# DHS recode generator

This file contains code for producing custom output "recode" tables from DHS tables that have first been processed out into individual files for each survey and table (record type). 

Essentially it provides a means of "joining" tables that are stored in flat CSV files, just like executing a join query on data held in a DB. The joining is done by loading each of the input tables to an in-memory SQLite database, building the output table there, and dumping the output table back to a CSV file.

The code for actually constructing the SQL that builds the in-memory database, and performs the joins, is implemented in an external module that should be in the same directory as this notebook. This notebook just contains the necessary code to read the input requirements and data, and write the output files.
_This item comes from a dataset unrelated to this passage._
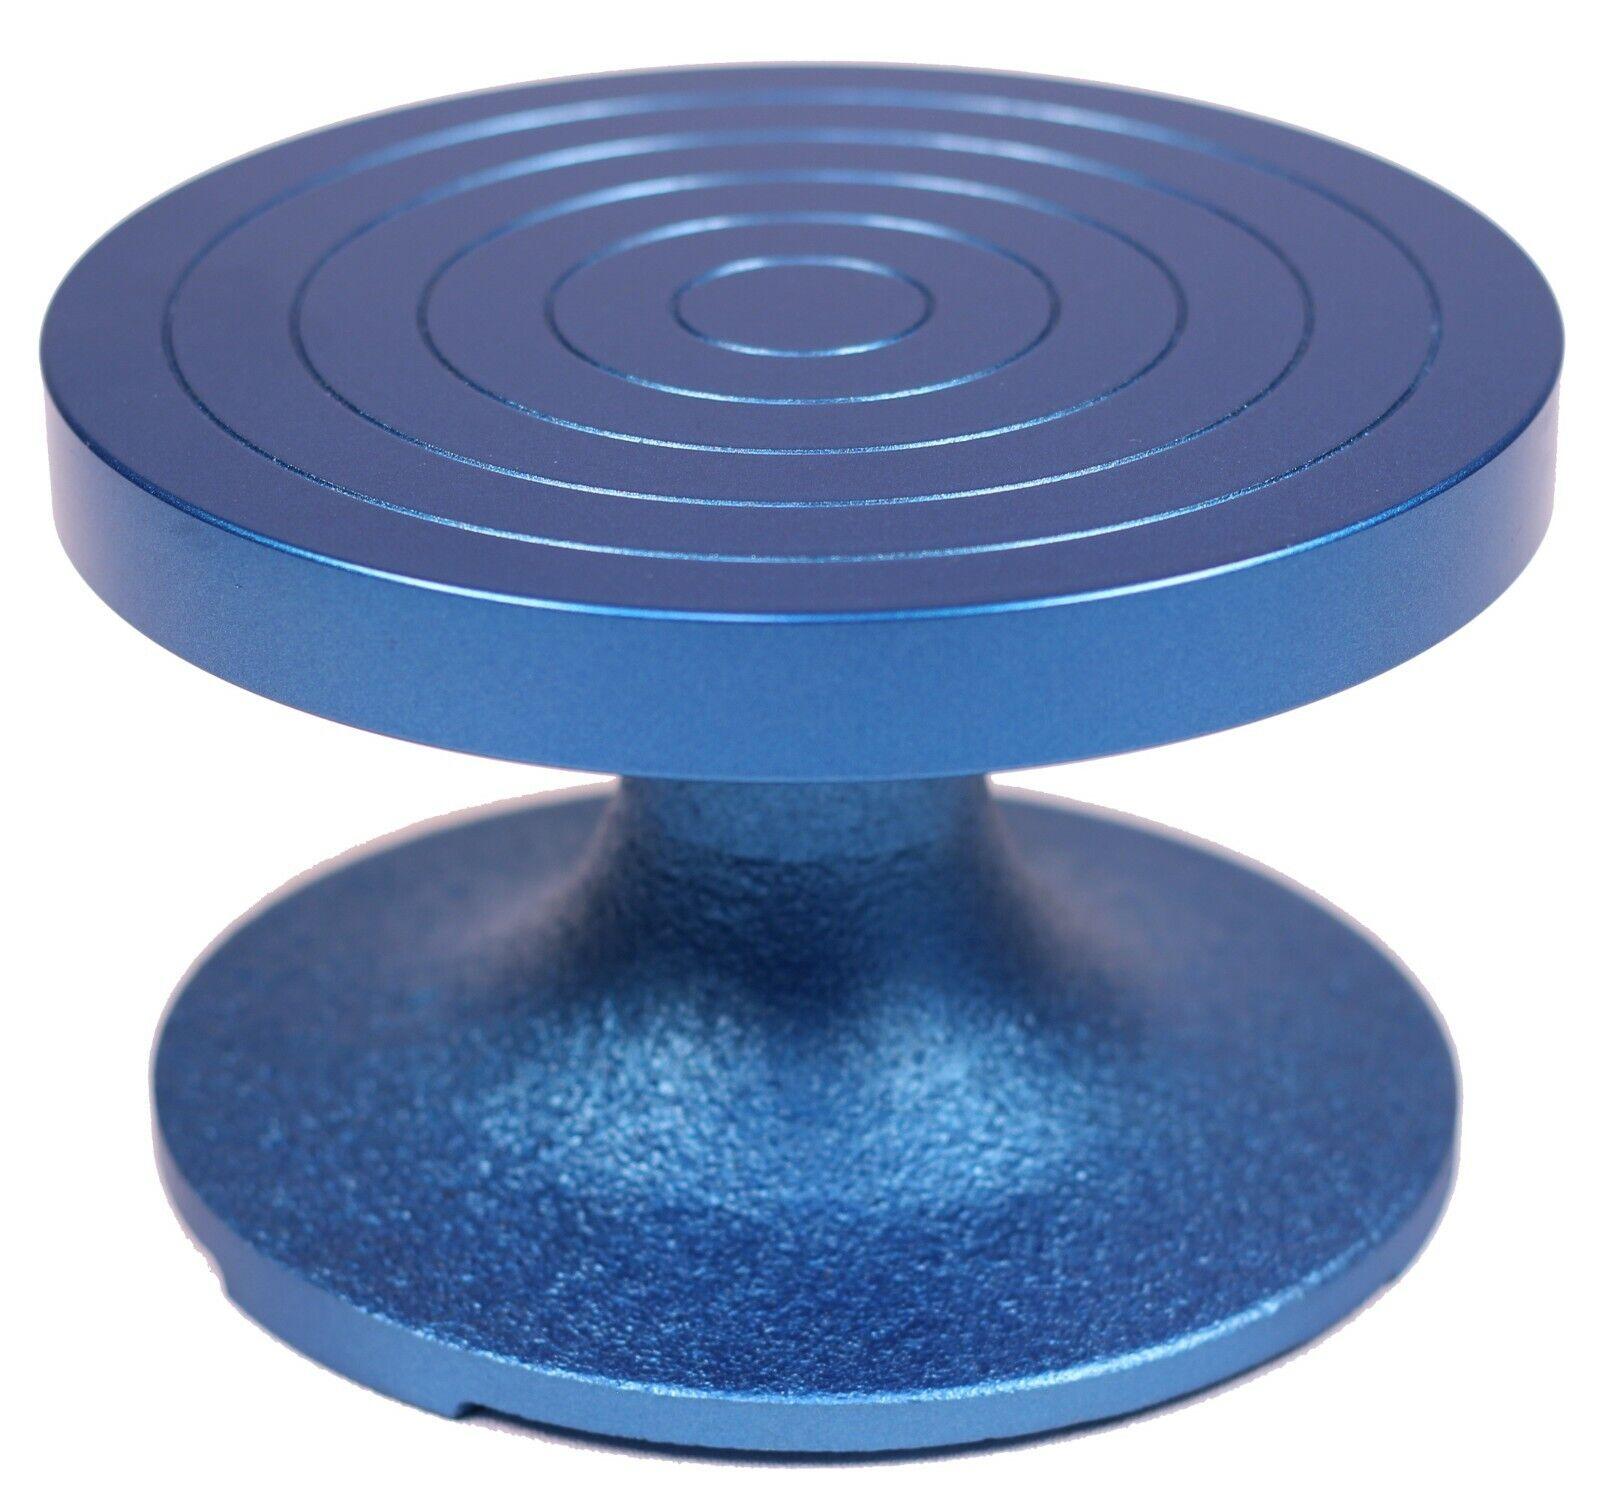 Creative Hobbies BW-18M Professional Sculpting Wheel 7″ Dia., Heavy Duty, Blue Ceramics & Pottery

This was developed by Harry Gibson for extracting information (potentially) related to Under 5 Mortality for Donal Bisanzio. However it should be applicable for creating any "flat" joined output tables from DHS data that has been parsed into separate tables from the CSPro format.

## Usage

The main input is a list of tables / variables that should go into the output, specified in a CSV file. This has one row for each output column, and it should have the columns "Name" and "RecordName" which specify the variable name and table name respectively.

A second input CSV file provides a list of survey IDs (in a "DHS_id" column) that data should be extracted from.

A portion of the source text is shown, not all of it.